Sônia Corrêa
A notícia de que o governo federal está planejando uma nova campanha de comunicação cujo mote será o “fortalecimento da família” causou inquietação entre analistas e observadores que acompanham o debate sobre o assunto no plano internacional. A proposta suscita uma analogia imediata com as políticas conservadoras implementadas pelo governo Bush nos Estados Unidos.
Confirma-se a relevância da análise desenvolvida pela advogada canadense Françoise Girard sobre as políticas implementadas pelo governo americano no campo da sexualidade. O estudo de Girard (“O Kama-Sutra de Bush: Muitas posições sobre o sexo”) será lançado no Brasil na segunda semana de janeiro de 2005. A publicação é resultado da uma parceria entre a Associação Brasileira Interdisciplinar de Aids (Abia) e o Grupo de Trabalho Internacional para Sexualidade e Política Social, criado em 2002 e que atua como um observatório global de políticas no campo da sexualidade.
O estudo analisa as políticas sexuais de George Bush: aborto, HIV-Aids e abstinência sexual, entre outros. Chama a atenção para o fato de que estas políticas não foram exatamente inauguradas por Bush. Remontam à era Reagan e suas bases legislativas definidas pelo Congresso de maioria republicana durante o governo Clinton.
Para Girard, “além de demonstrar temor frente às formas não tradicionais de família, incluindo famílias de casais gays ou lésbicos, este novo esforço é emblemático do ‘ideal’ que a direita religiosa alimenta em relação às mulheres, o qual preconiza que caso estejam casadas com um homem devem ser mães; e caso não estejam casadas devem se abster de sexo. Os alvos desse experimento são sobretudo as pessoas pobres, jovens e minorias raciais, em especial as comunidades afro-americanas”.
É preciso dizer que, para o contexto brasileiro, a análise sobre os demais aspectos das políticas de Bush para sexualidade são tão cruciais quanto as informações sobre as políticas de fortalecimento da família. Também aqui, nos trópicos, as questões ditas “morais” — que se tornaram alvo de ataque preferencial a direita americana — são hoje temas importantes no debate de políticas públicas sobre aborto, união civil entre pessoas do mesmo sexo, trabalho sexual, tráfico de pessoas e HIV/Aids.
Como lá, estes temas têm sido objeto de ataque sistemático por parte do conservadorismo, cuja presença e influência se ampliaram na sociedade e no aparelho político ao longo da última década.
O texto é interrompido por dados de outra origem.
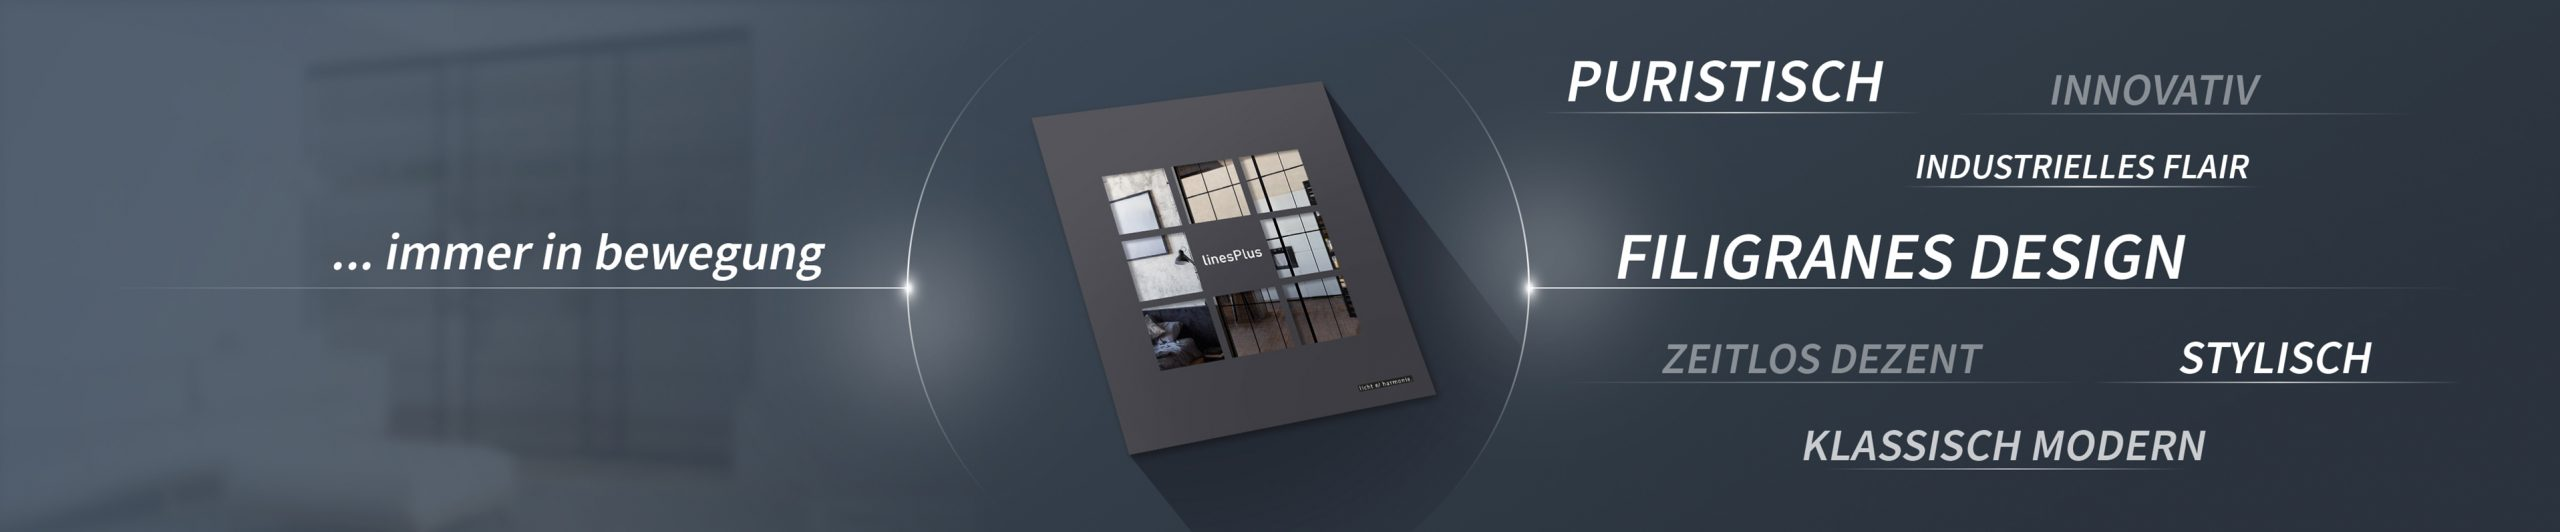 Header_Kurz_Produktneuheiten_linesPlus

É crucial não perder de vista os efeitos, nem sempre debatidos, da cooperação técnica e financeira americana nessas questões.
Diferentemente de outros países em desenvolvimento, já há alguns anos o Brasil não recebe recursos da Usaid para saúde reprodutiva e planejamento familiar. Neste sentido, as ações governamentais e não-governamentais não têm sido nem serão afetadas pela chamada Regra Global da Mordaça — promulgada por Bush no primeiro dia de seu primeiro mandato — que restringe atividades relacionadas ao aborto. Entretanto, o país conta com um volume importante de fundos da Usaid para financiar ONGs que atuam no campo da prevenção do HIV/Aids.
O acordo que rege o ciclo atual de financiamento, depois de muitas idas e voltas, está pautado pelos princípios e critérios da política brasileira de prevenção. Porém, ele se encerra em 2005 e não é absurdo prever que em negociações futuras a Usaid — contaminada pelo clima “moral” do segundo mandato de Bush — poderá ser muito mais impositiva na promoção da abstinência e outros temas.
Um aspecto importante diz respeito à sustentabilidade da política brasileira de acesso universal e gratuito aos medicamentos anti-retrovirais. No início de dezembro de 2004, anunciou-se a possibilidade de que o Brasil venha lançar mão do acordo de Doha adotado pela OMC em 2003. Esse acordo flexibiliza as regras para propriedade intelectual de medicamentos, sempre e quando necessidades e emergências nacionais de saúde pública assim o exigirem. A análise desenvolvida por Girard acerca da afinidade eletiva entre o governo Bush e as grandes companhias farmacêuticas sugerem que qualquer iniciativa nesta direção será objeto de reação por parte de Washington e seus aliados.
O estudo de Girard contribui para uma reflexão crítica informada sobre as políticas americanas cujo objetivo é “reconstruir o mundo segundo seus valores morais e religiosos”. No contexto brasileiro, sua análise funciona como sinal de alerta para efeitos não antecipados de determinadas retóricas de política pública, assim como dos fluxos financeiros de cooperação bilateral entre nós e “eles”.
SÔNIA CORRÊA é pesquisadora da Associação Brasileira Interdisciplinar de Aids (Abia) e coordenadora para saúde e direitos sexuais e reprodutivos da Rede DAWN.